Methods
Methods
Method flowchart
Figure 1. Method flowchart. Data is extracted from GSE152216, then processed using Galaxy and Python before being analyzed on the UCSC Blat Search (cross referenced via BLAST) and g:Profiler.
Data Mining
Data used for this project can be found from GSE152216, published by Hänsel-Hertsch et al. (2020) [8, 9]. The dataset contains qG4-ChIP-seq data from 22 PDTX models, with 4 technical replicates being made for each model. Three random patients (STG139M_181, STG143_284, STG139M_284) were chosen for this project, and the data for the first replicate experiment was used (GSM4609246 for STG139M_181 rep1, GSM4609259 for STG143_284 rep1, GSM4609251 for STG139M_284 rep1) (Figure 2A). Raw NGS (Next-Generation Sequencing) datasets were obtained from the 3 patients by going to their respective GSM datasets and viewing their SRA (Sequence Read Archive) datasets (Figure 2B).
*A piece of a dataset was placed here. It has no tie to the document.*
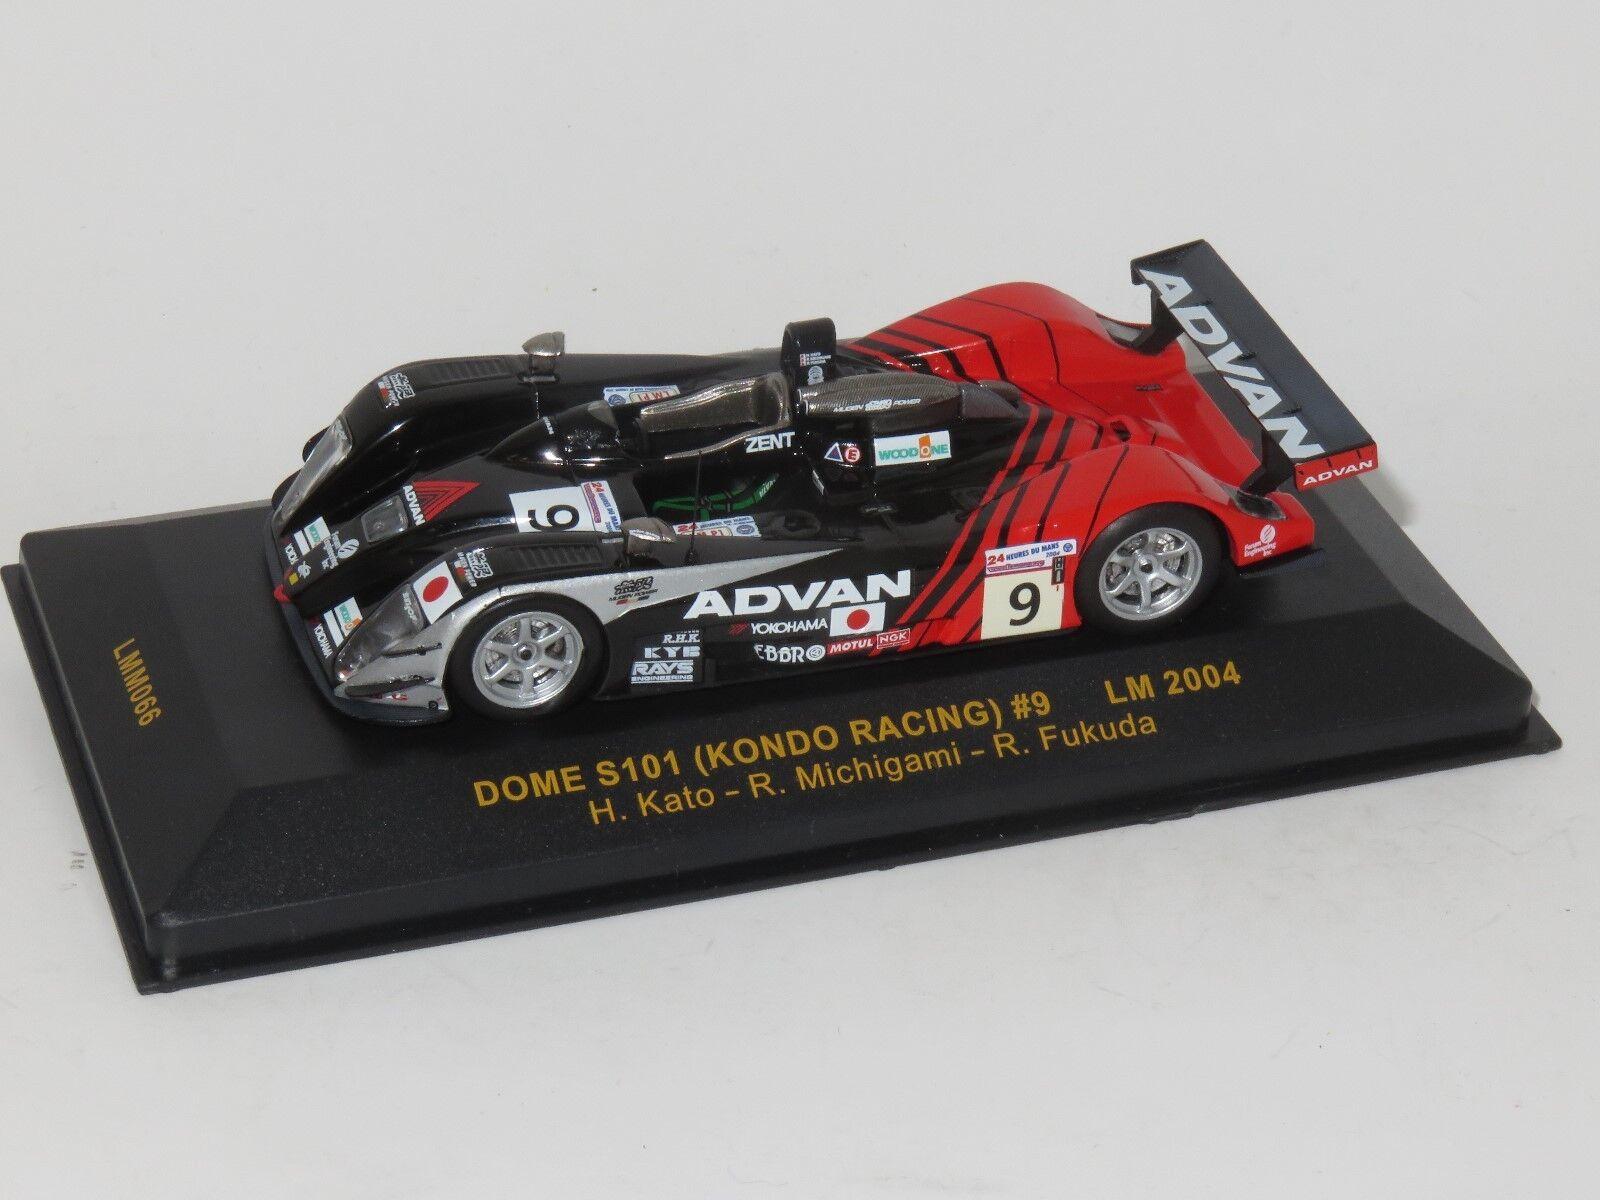 1 43 43 43 Dome S101 Mugen  Kondo Racing   Le Mans 24 Hrs 2004 b471f1

Each patient’s SRA dataset has multiple SRA Run files, and the file with the highest number of bases was chosen for each patient (SRR11978411 for STG139M_181 model, SRR11978480 for STG143_284 model, SRR11978440 for STG139M_284 model) (Figure 2C). FASTA files were downloaded with both “Filter” and “Clipped” pre-processing options chosen. These files contain short immunoprecipitated DNA sequences that are derived from PDTX models.
Figure 2. Example screenshots of workflow. A) Excerpt screenshot from the GEO Accession Viewer website for GSE152216 and boxed are the 3 randomly chosen patient models, B) Example GEO Accession Viewer website screenshot for sample GSM4609246, corresponding to Patient 1. Boxed is the SRA Run Selector to view SRR files, C) All SRR files from a sample, the file with the highest total base count was chosen and the FASTA file was downloaded with both the “Filter” and “Clipped” pre-processing options chosen.
Data Processing
The c-MYC promoter sequence was chosen as it has been shown to contain G4-forming sequences. The chosen motif sequence for alignment purposes is GGG GAG GGT GGG GAG GGT GGG GA [10, 11]. This motif was aligned with the SRR fasta files from the data mining process using the fuzznuc tool from Galaxy, with up to 3 mismatches allowed (Figure 3A). Complementary strands were also searched (Figure 3A). The output text file was run through a custom Python code (see Supplementary Materials) to extract the full raw sequences from the SRR files containing the desired G4 motif sequence (Figures 3B&C).
Figure 3. Example screenshots of workflow. A) Excerpt screenshot from the fuzznuc tool on Galaxy, B). An example preview of the fuzznuc tool output, C) An example of the output from the Python code, showing the extracted full raw sequences containing the desired motif.
Data analysis
Two full raw sequences obtained from Data processing section, containing the desired G4 motif were chosen from each of the 3 patients’ SRR files, meaning a total of 6 raw sequences were chosen as reference. A UCSC BLAT Search was performed on each sequence to determine the location and which part of the sequence was aligned relative to the human genome (hg19) (Figure 4). The location of the reference sequence was then viewed on the UCSC Genome Browser to determine whether the sequence was part of any genes. To further cross-reference, BLAST was performed on the aligned sequence containing regions ~100 bp upstream and downstream to double-check whether the sequence can be found in any genes. A few genes for each patient upon cross referencing was noted for any regulatory or genetic elements. From this data, we chose 12 genes with their respective ENSG codes to perform g:Profiler enrichment analysis (refer to Genomic Analysis Table in the Supplementary Materials tab)
Figure 4. An example screenshot of the UCSC Blat Search output. “a” in red, leads to the UCSC Genome Browser showing the location of the BLAT sequence as well as the information of the surrounding locations. “b” shows the full aligned sequence and the sequences ~100bp upstream and downstream.